Re: Additional message in pg_terminate_backend

From: warda Bibi <wardabibi221(at)gmail(dot)com>
To: Paul A Jungwirth <pj(at)illuminatedcomputing(dot)com>
Cc: Jim Jones <jim(dot)jones(at)uni-muenster(dot)de>, Roman Khapov <rkhapov(at)yandex-team(dot)ru>, Andrey Borodin <x4mmm(at)yandex-team(dot)ru>, Kirill Reshke <reshkekirill(at)gmail(dot)com>, Daniel Gustafsson <daniel(at)yesql(dot)se>, pgsql-hackers(at)lists(dot)postgresql(dot)org
Subject: Re: Additional message in pg_terminate_backend
Date: 2026-06-29 10:21:23
Message-ID: CAJqHjGriG=FiwWQ4M2fOVzUwwG0Rg87fhSQgf68heNhVh=SBgA@mail.gmail.com
Views: Whole Thread | Raw Message | Download mbox | Resend email
Thread:
Lists: pgsql-hackers

Hi Paul, Roman, and all,

Thank you for the thorough review, Paul. I have put together v7 addressing
all of the feedback below.

On Mon, Jun 23, 2026, Paul A Jungwirth wrote:

> Are these entries still needed? After 759b03b24c we can set defaults with
just pg_proc.dat.

Correct. v7 removes the system_functions.sql entries entirely; the DEFAULT
values are now specified only in pg_proc.dat, which is sufficient after
759b03b24c.

> What keeps the backend from being killed and the slot being re-used? v5
was checking the pid while holding the spinlock; perhaps we should still do
that.

BackendMsgSet() now acquires the slot spinlock before checking slot->pid ==
pid, ensuring that a slot reused by a new backend after the target exited
cannot be written to. The O(1) procno indexing introduced in v6 is retained.

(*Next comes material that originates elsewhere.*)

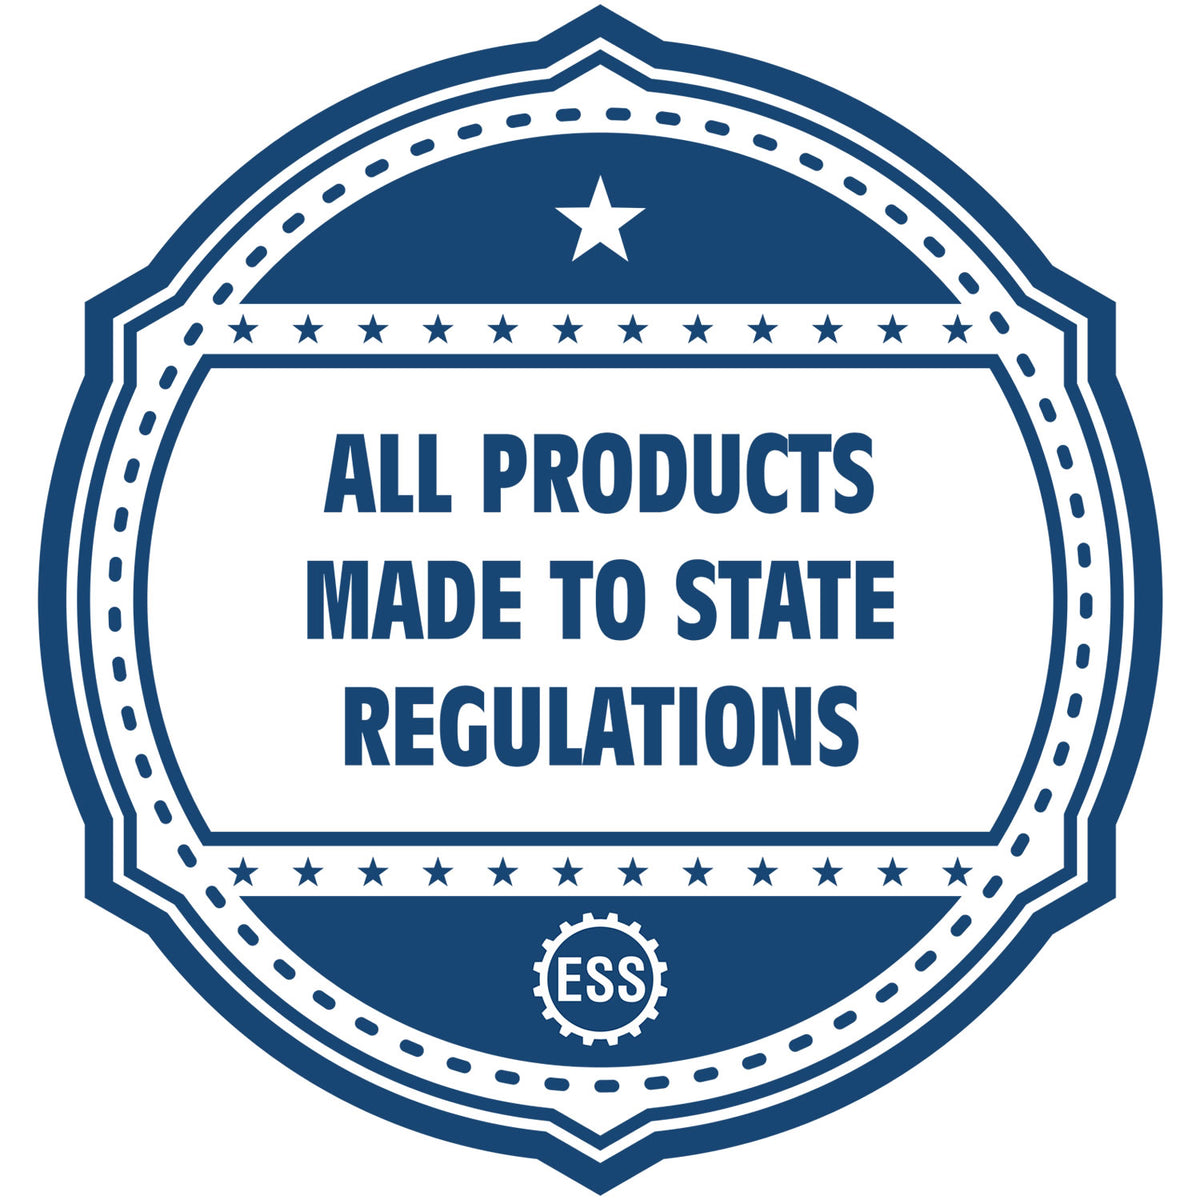 A blue icon or badge for the Heavy Duty Cast Iron Massachusetts Geologist Seal Embosser showing that this product is made in compliance with state regulations.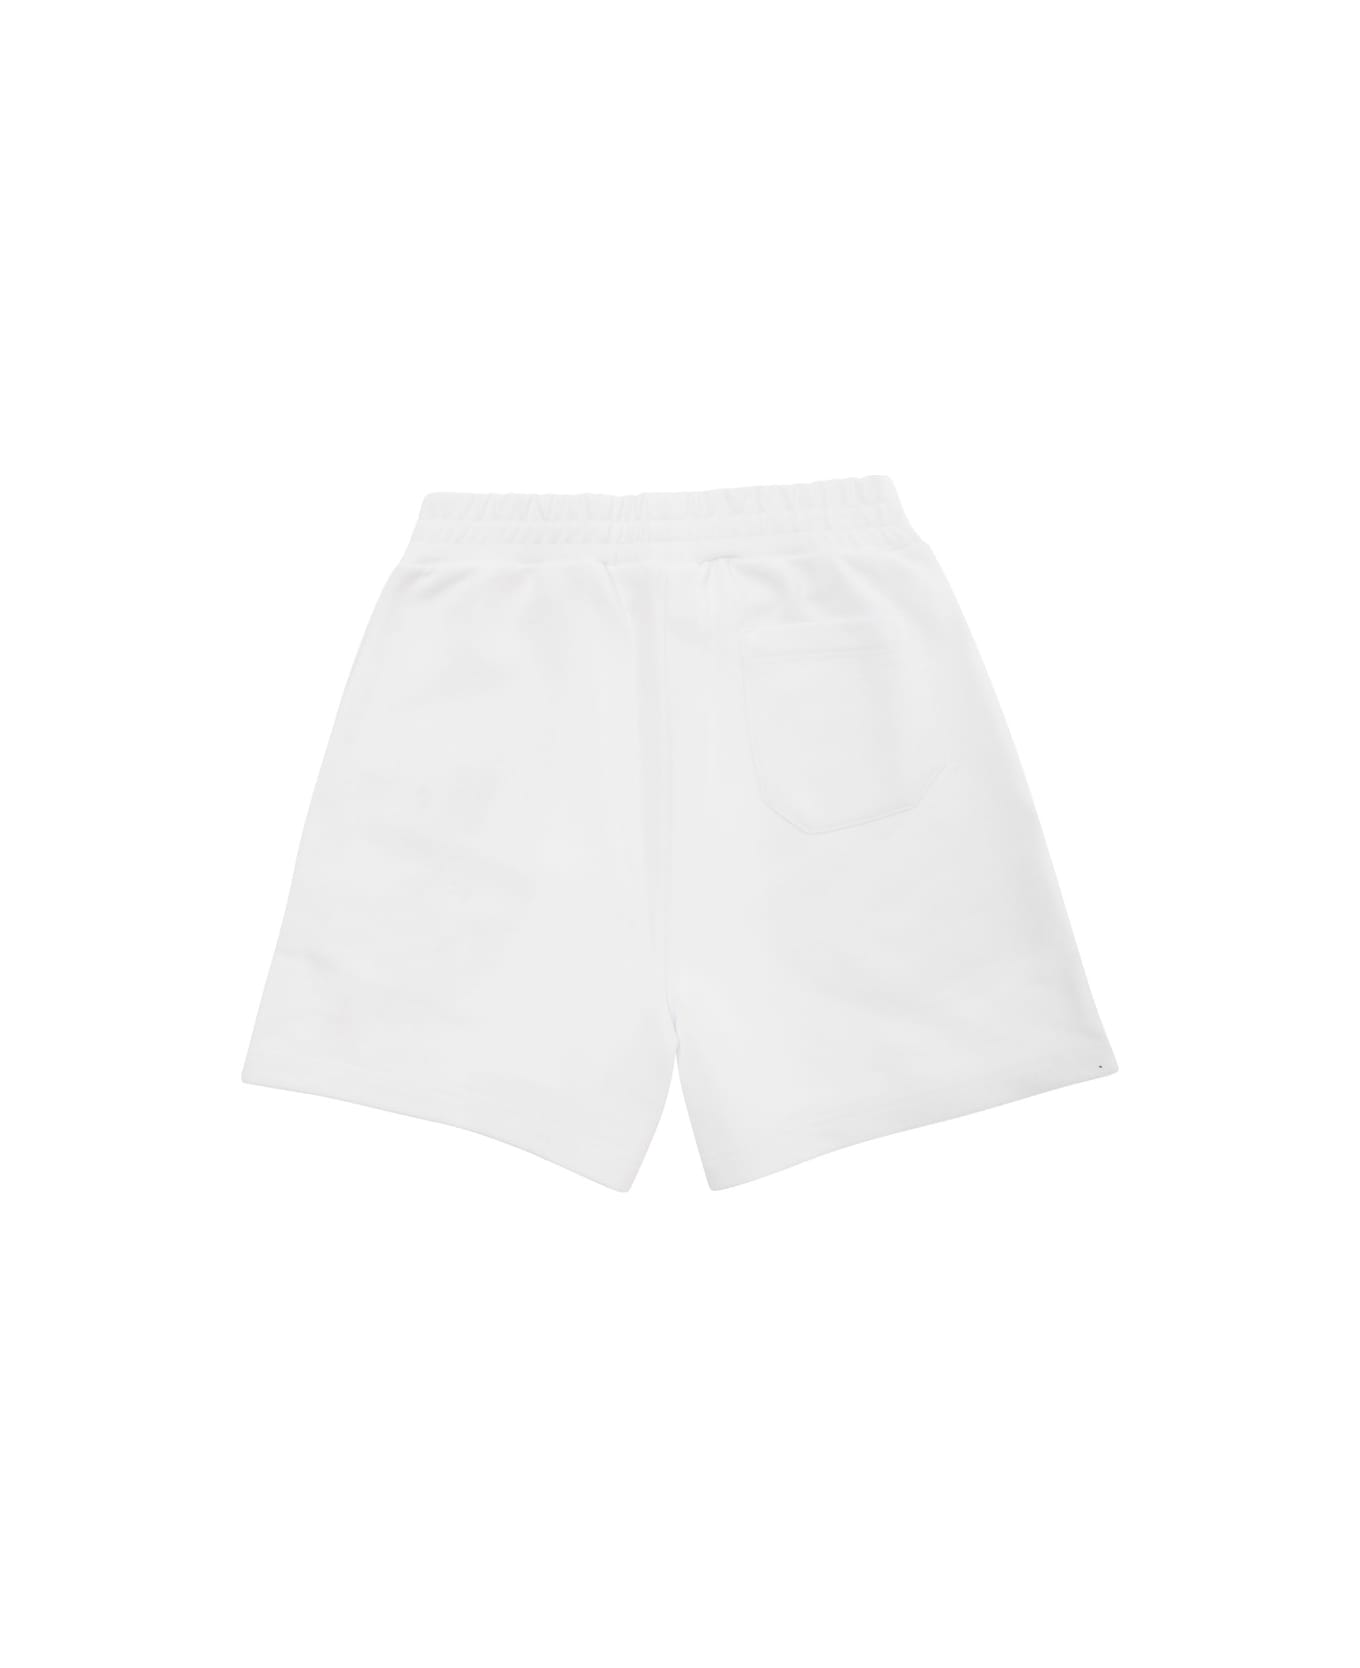 Golden Goose Star / Girl's Fleece Shorts / Small Star Glitter Printed Include Cod Gyp - White ボトムス

> I don't think there is any reason to keep the _internal helper functions.

pg_cancel_backend_internal() and pg_terminate_backend_internal() have been
inlined into their respective callers, since each had only a single call
site.

> What if we emit msg as an errdetail?

Done. Both paths now use errdetail("%s", msg) instead of appending the
message to errmsg().

> Also, parallel workers receive the generic message as they hit the

> IsBackgroundWorker branch in ProcessInterrupts(), which bypasses

> BackendMsgGet(). This is fine since parallel workers are ephemeral,

> but should it be documented in the docs?

The documentation now notes that parallel workers always receive the
generic termination message.

> The v6 patch looks like an incremental patch on top of a previous

> patch (v5 I think). But v5, v4, and v3 no longer apply. Would you mind

> rebasing and putting all the changes into one patch?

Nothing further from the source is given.